YO literally means to put the yarn over the needle, but anything more is beyond my ability to explain in this medium. There are many types of YOs and many reasons for them, but in this case the YO is going to create a hole in the next row.
It sounds like you really want to know how to knit, so I’m going to suggest what I consider to be THE perfect knitting instruction book of all time - it’s “Knitting in Plain English” by Maggie Righetti. She is a remarkable woman who knows how to explain things. This book will tell you all about the different kinds of buttonholes, which one to choose for which purpose, etc. She is also a joy to read. The book is probably at your local library.
She also wrote “Sweater Design in Plain English,” which has been my bible for doing it myself.

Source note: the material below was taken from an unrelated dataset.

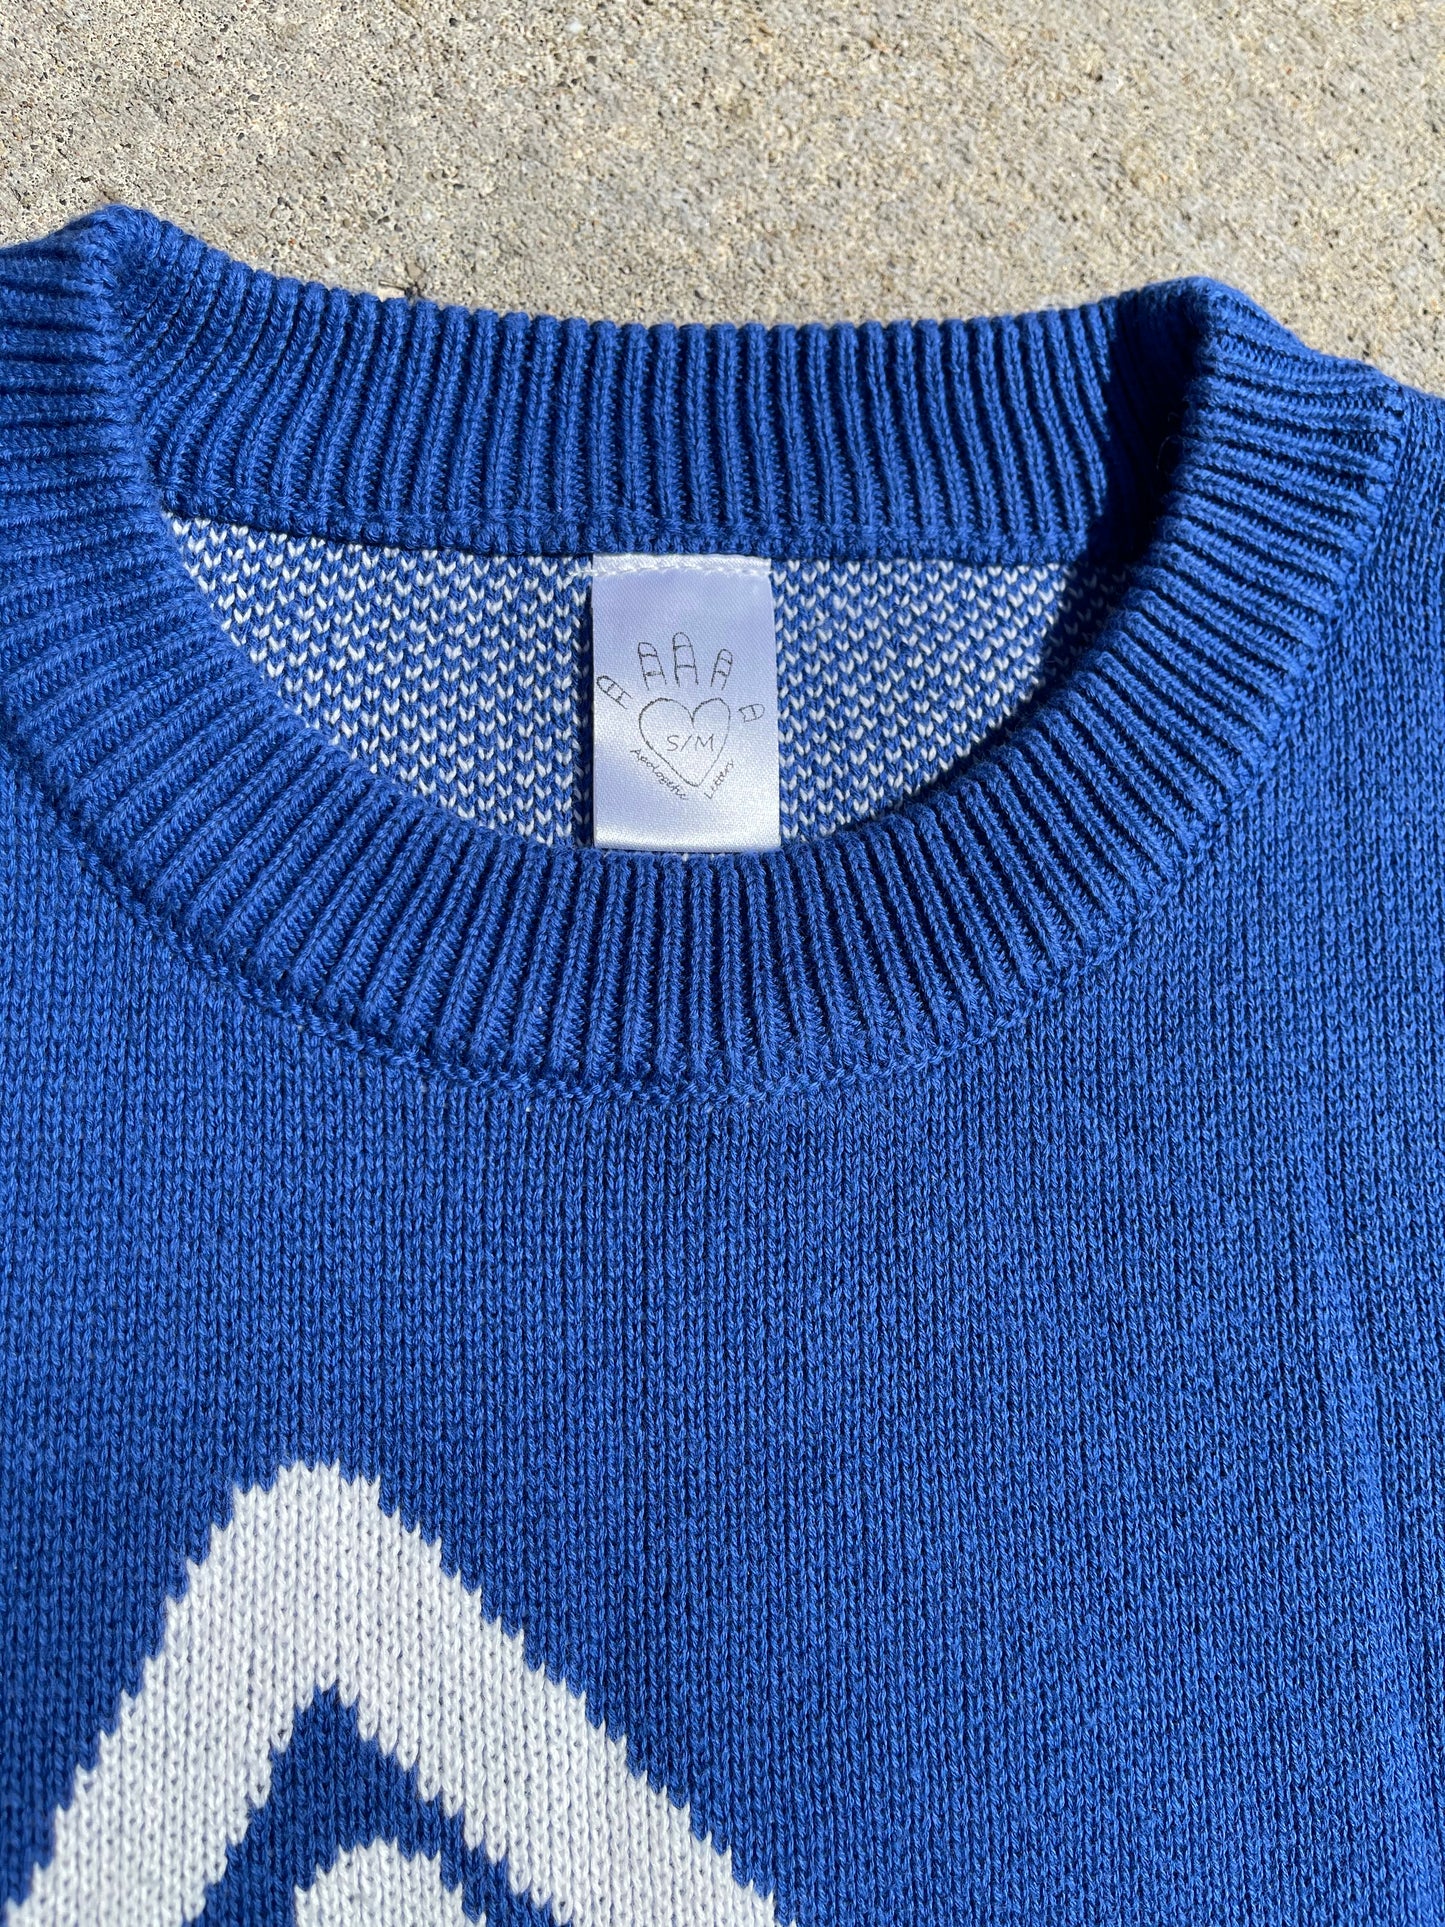 Heavenly Orbit Knit Sweater

As an aside, after trying all the various ways of making buttonholes, I’m back to the “cast off on one row, cast on on the next” school of buttonhole making. I cannot suggest strongly enough that you practice making buttonholes on a test piece, not on the sweater itself.
Knitting really isn’t difficult. Think of all the illiterate peasant women of the past who knitted fabulous garments. I think knitting seems complicated because people try to follow patterns. I never had luck with patterns. Also, not checking knitting tension on the needles you want to use with the yarn you’re going to use in the pattern you’re going to use is a big mistake. (It took me years to learn this.)
The thing I like about the book(s) I mentioned below is the common sense of the author. She is just so pleasant and reasonable that she’s a pleasure to read, and it’s like having a grandmother sitting next to you all the time, showing you how to knit.